WebpageProvider (Fallback Path):

# Location: lobster/tools/providers/webpage_provider.py
class WebpageProvider(BaseProvider):
    """Webpage scraping and PDF extraction (FALLBACK)."""

    capabilities = {ProviderCapability.GET_FULL_CONTENT}
    priority = 50  # Low priority (slower fallback)

    def __init__(self, data_manager: DataManagerV2):
        self.docling_service = DoclingService(data_manager)  # Composition

    def extract_content(
        self,
        url: str,
        keywords: Optional[List[str]] = None,
        max_paragraphs: int = 100
    ) -> dict:
        """
        Extract content via webpage or PDF (uses DoclingService).

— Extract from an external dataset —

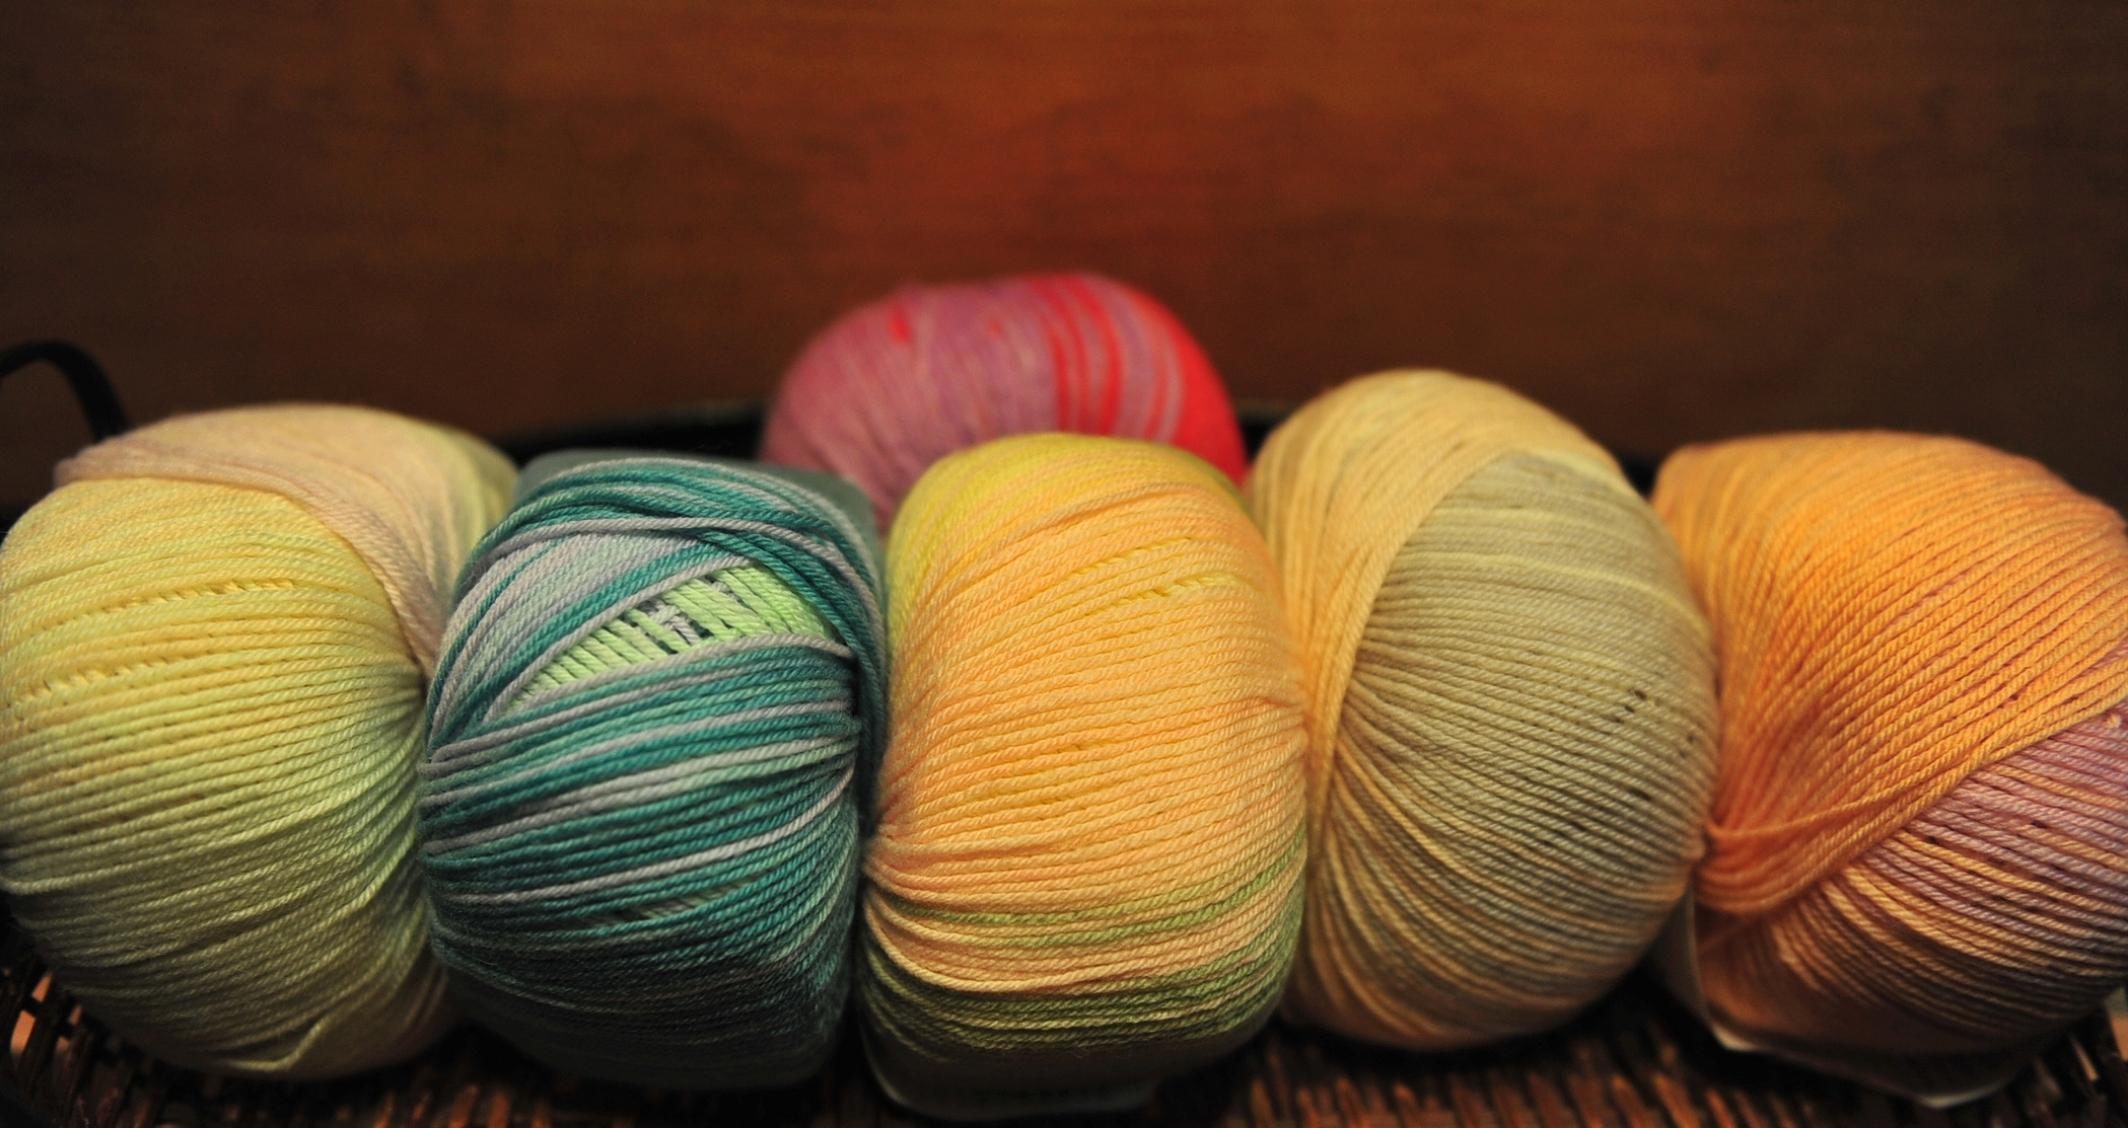 Wallpaper Sweater Fashion Greece Wool Woolen Yarn Thread Athens Hobby Create Art Natural Material Textile Fiber Knit Knitting Pullover Handknitting Sakalak Sakalakwool Merino 2128x1128 768928 Hd Wallpapers Wallhere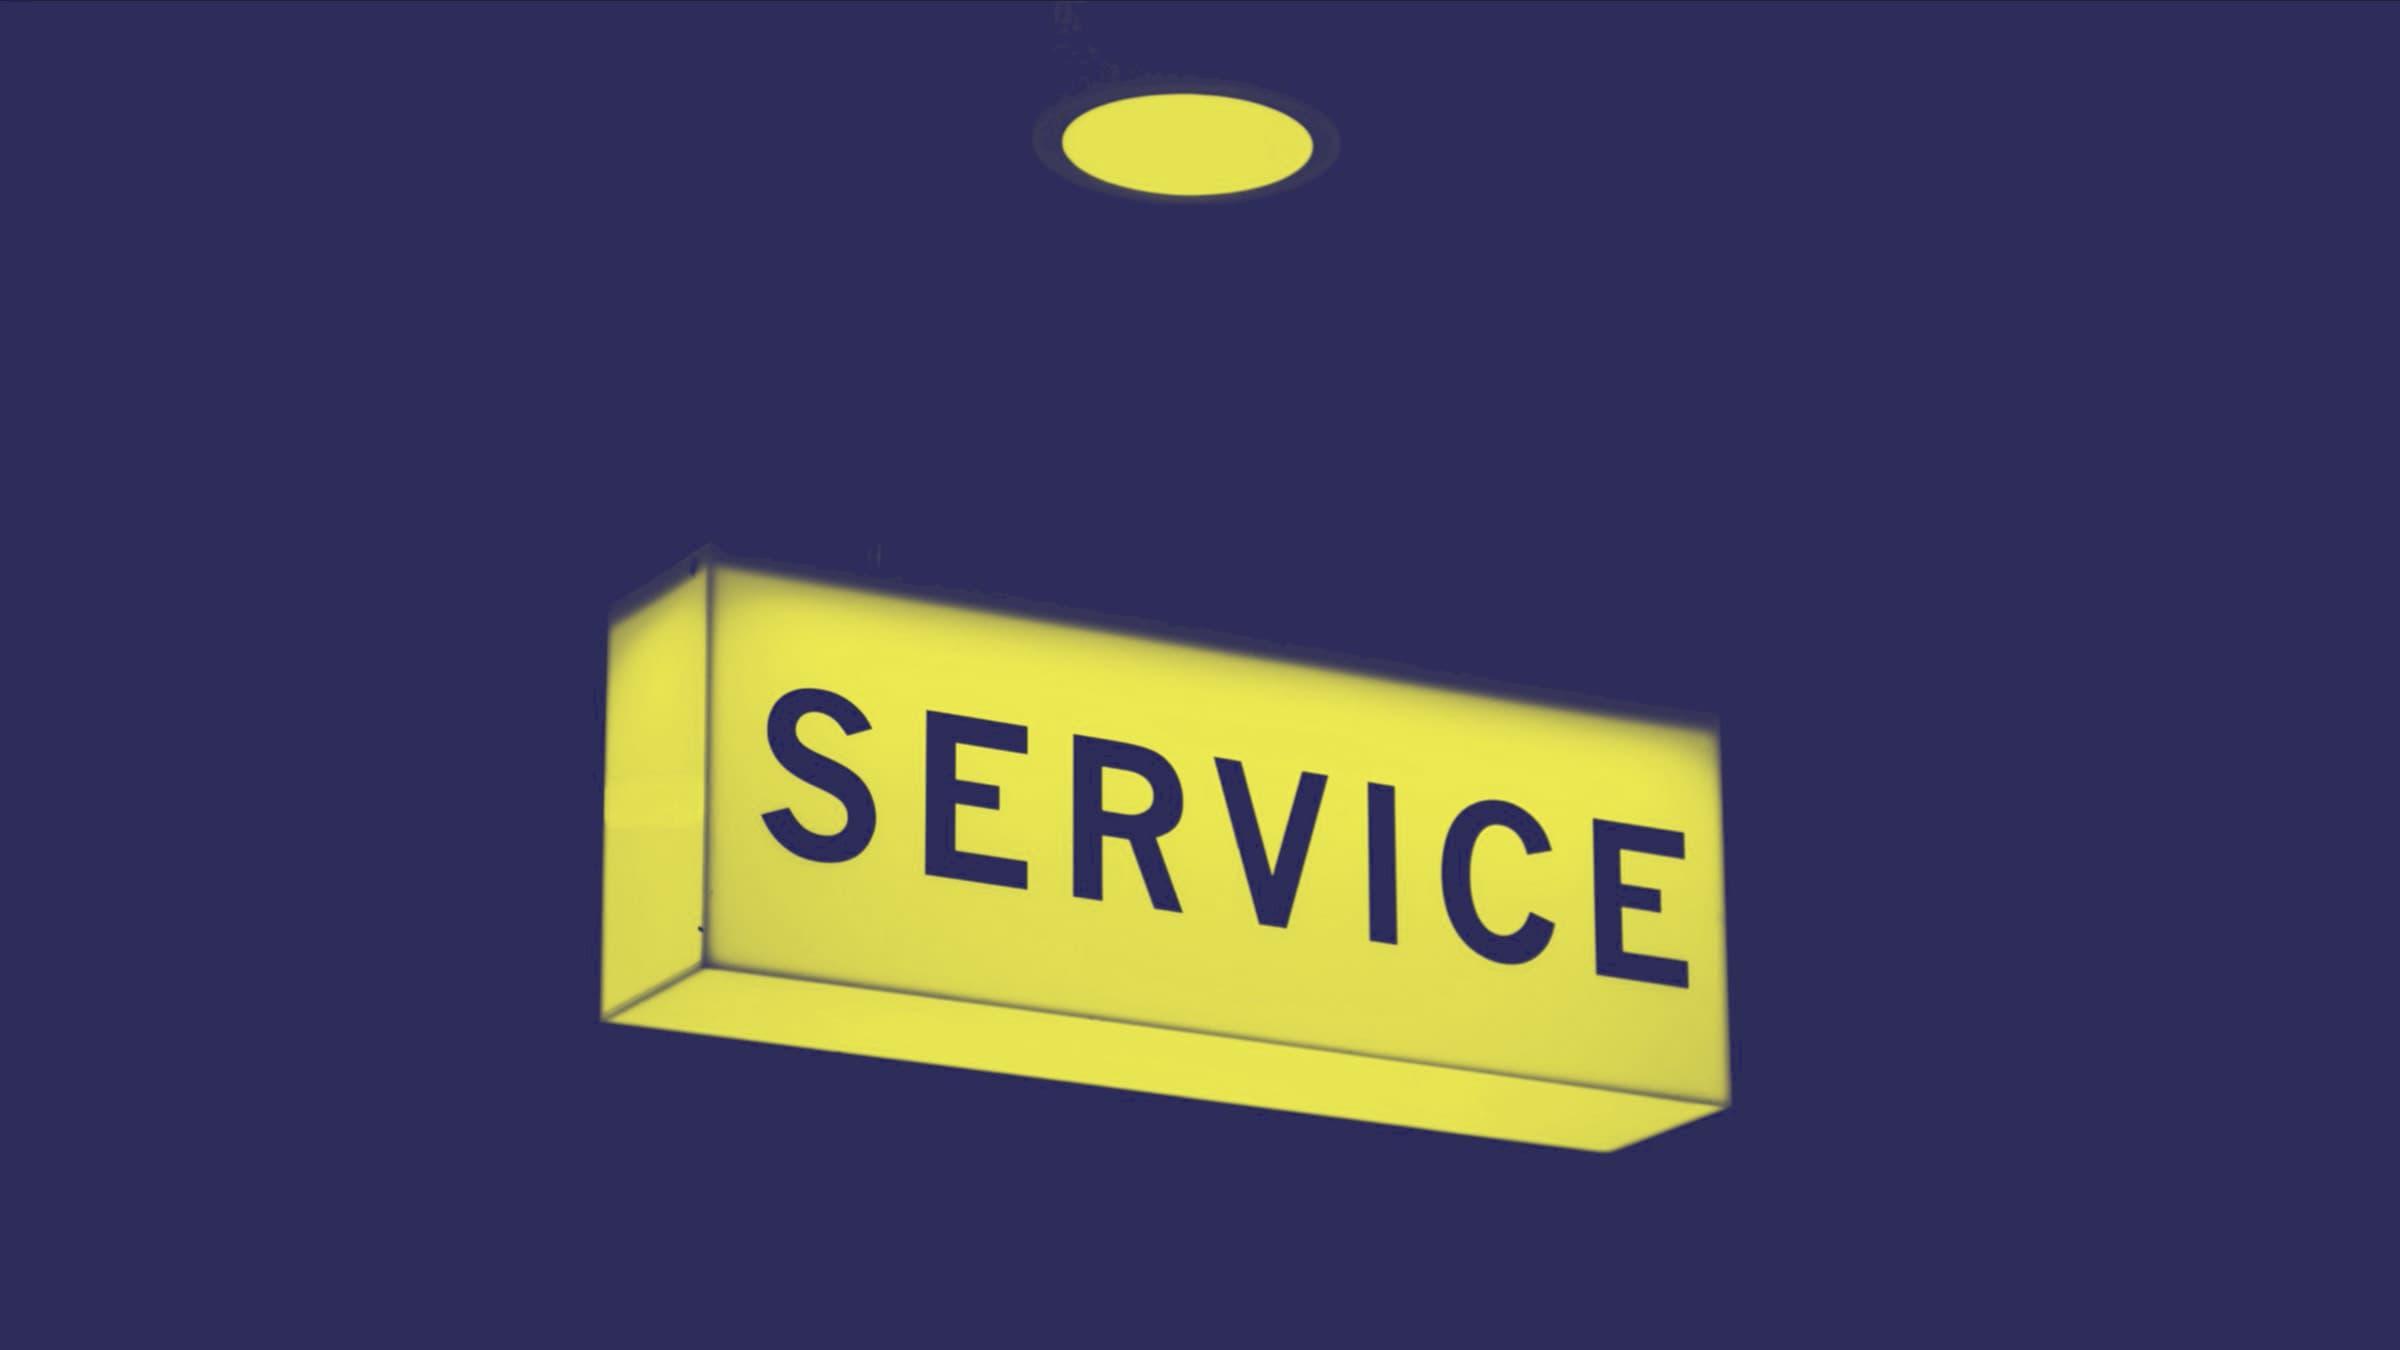 service light shining

        Automatically detects format and routes to appropriate parser.
        """

DoclingService (Internal, Not Registered):

Used internally by WebpageProvider via composition
Not registered as separate provider
Handles both webpage HTML and PDF parsing
Structure-aware parsing with table extraction

Three-Tier Content Cascade

The system implements intelligent fallback for full-text retrieval:

Cascade Flow

User Request: get_full_content("PMID:35042229")
    ↓
Step 1: Check DataManager cache
    ├─ Cache hit? → Return immediately (<100ms)
    └─ Cache miss → Continue to Tier 1
    ↓
Tier 1: PMC XML API (Priority 10)
    ├─ Provider: PMCProvider
    ├─ Duration: 500ms-2s
    ├─ Coverage: 30-40% of biomedical literature
    ├─ Success? → Cache + Return ✅
    └─ PMCNotAvailableError → Continue to Tier 2
    ↓
Tier 2: Resolve to URL (if identifier)
    ├─ Use PublicationResolver
    ├─ PMID/DOI → Accessible URL
    ├─ Check accessibility
    └─ If paywalled → Return error with suggestions
    ↓
Tier 3: Webpage/PDF Extraction (Priority 50)
    ├─ Provider: WebpageProvider
    ├─ Auto-detect: Webpage HTML or PDF
    ├─ Duration: 2-8s
    ├─ Uses: DoclingService internally
    ├─ Success? → Cache + Return ✅
    └─ Failure → Return error

Performance Characteristics

Tier	Path	Duration	Success Rate	Coverage
Cache	DataManager lookup	<100ms	100% (if cached)	Previously accessed
Tier 1	PMC XML API	500ms-2s	95%	30-40% (open access)
Tier 2	URL Resolution	Variable	70-80%	Depends on accessibility
Tier 3	Webpage/PDF	2-8s	70%	Major publishers + preprints

Code Example

from lobster.tools.content_access_service import ContentAccessService

service = ContentAccessService(data_manager)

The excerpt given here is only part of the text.